Vocational Bribery, Academic Blackmail

Vocational Bribery, Academic Blackmail July 13, 2012

A former colleague of mine recently sent an e-mail lamenting his lack of summertime productivity and passed along an article that might help others in similar predicaments. The article — from Inside Higher Ed — is one of those dime-a-dozen, pathetic self-help columns with enumerated tips on how to be more “productive,” so on and so forth.

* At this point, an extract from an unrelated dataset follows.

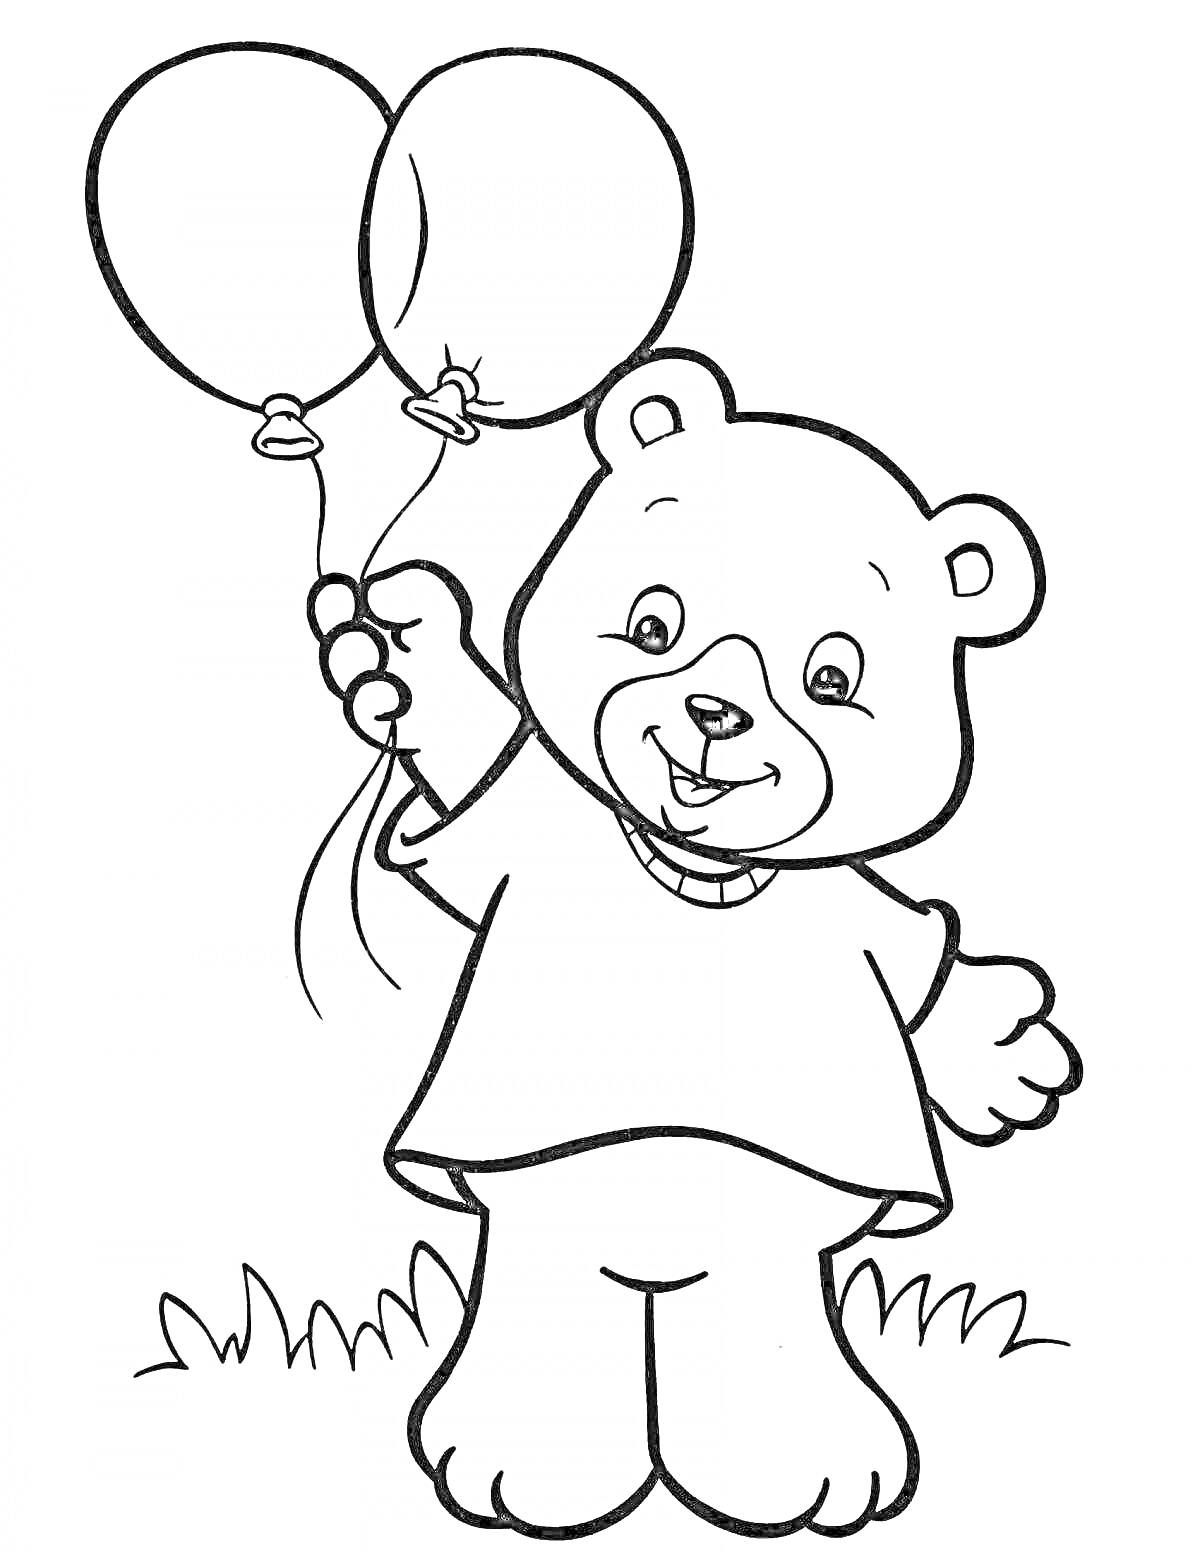 Раскраска Медвежонок с двумя шарами на траве

The e-mail and article were both addressing the sad fact that many mid-career academics find it hard to work without external incentive. In other words, after gaining tenure, many so-called “academics” cannot muster the energy to do their craft, to get their academic work done, lacking the bribe of tenure. This seems to be less of an issue concerning writing and productivity — which I’ve written about recently — and more of a sign of the broken, corrupt, and lazy academic culture that, as I noted in my final Chapel Talk, is bred on fear. (It also reveals one of the reasons I was unable, and ultimately unwilling, to stay at Wabash College.)

It also might be a signal that these struggling mid-career academics should contemplate another line of work. Perhaps their vocation has run its course. Maybe it’s time for an adventure.

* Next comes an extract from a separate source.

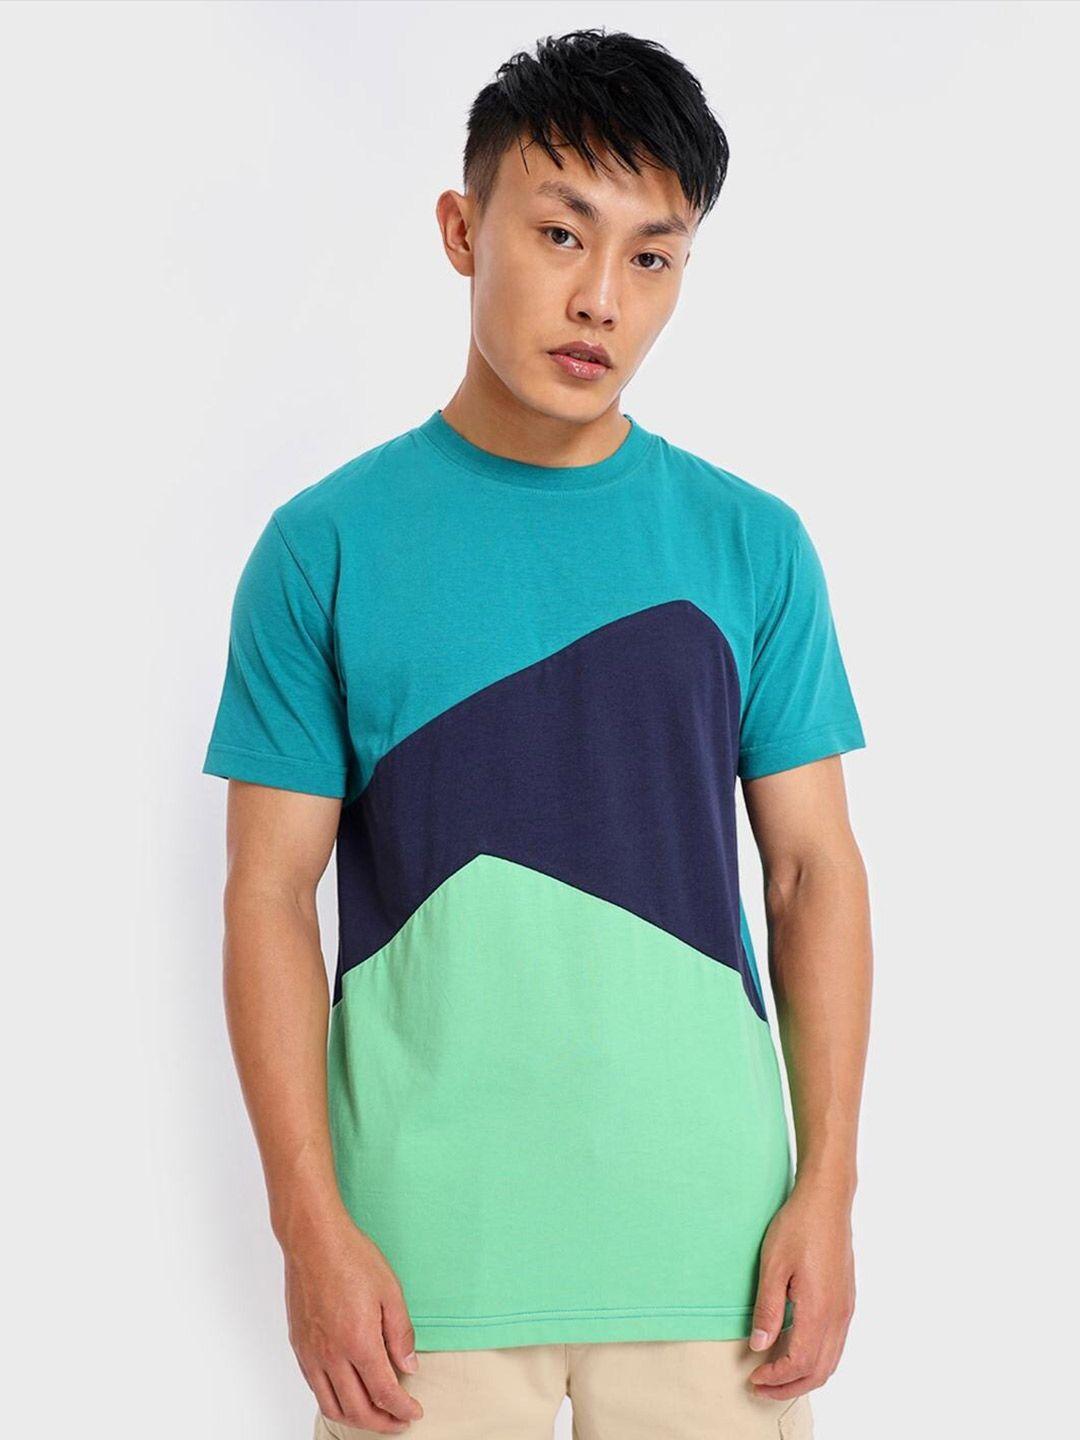 bewakoof men sea green & blue colourblocked cotton t-shirt

If I ever reach the day when I cannot bring myself to do the work that is part of my vocational namesake, I must find other work to do. Believe me: I don’t really like to write, read, play music and the rest. I love it. This means that I am compelled to do it even when I don’t want to, when I don’t like it. My life depends on it. Sure, I’d rather watch TV all day and eat Big Macs, but I’d also be miserable. We are not fully alive when we do what we like, we can only live when we love.

Tenure, as far as I am concerned, is not to be worried about. If I love what I do, am good at it, and work to get better, then, I will do it as best I can, for the sake of the craft itself. If that gets me tenure, so be it. If it does not, then, whether I deserve it or not, I don’t want it. If tenure disappears from the academy, I’ll do my work anyway. You can share that with my dean or president or chair or whoever, wherever. In fact, it is precisely this reason why my work might, just might, be worthwhile. I am not doing this out of fear, motivated by vocational bribery or academic blackmail. I refuse to be enslaved on an academic plantation, however comfortable it may be.

I posted this (edited) comment on the Inside Higher Ed site:

Perhaps the fact that writing is difficult after getting tenure is more a sign that one didn’t really want to write in the first place? If I sweep and mop regularly at gunpoint but find it hard to sweep and mop when I am free to do as I please, it might say less about sweeping and mopping and more about the sad reality that I was not interested in doing that work to begin with. Maybe I once liked the idea of it, but I’m not serious anymore. Writers, serious writers, I know write compulsively, out of a sense of inner motivation, an irrational NEED to write. Tortured writing. They write to survive, to live. That academics don’t feel that burning desire to write might say less about the writing and more about them and their delusions that they are cut out to be doing this kind of work in the first place. It also might explain why so much of what we do write is such rubbish, from form to content.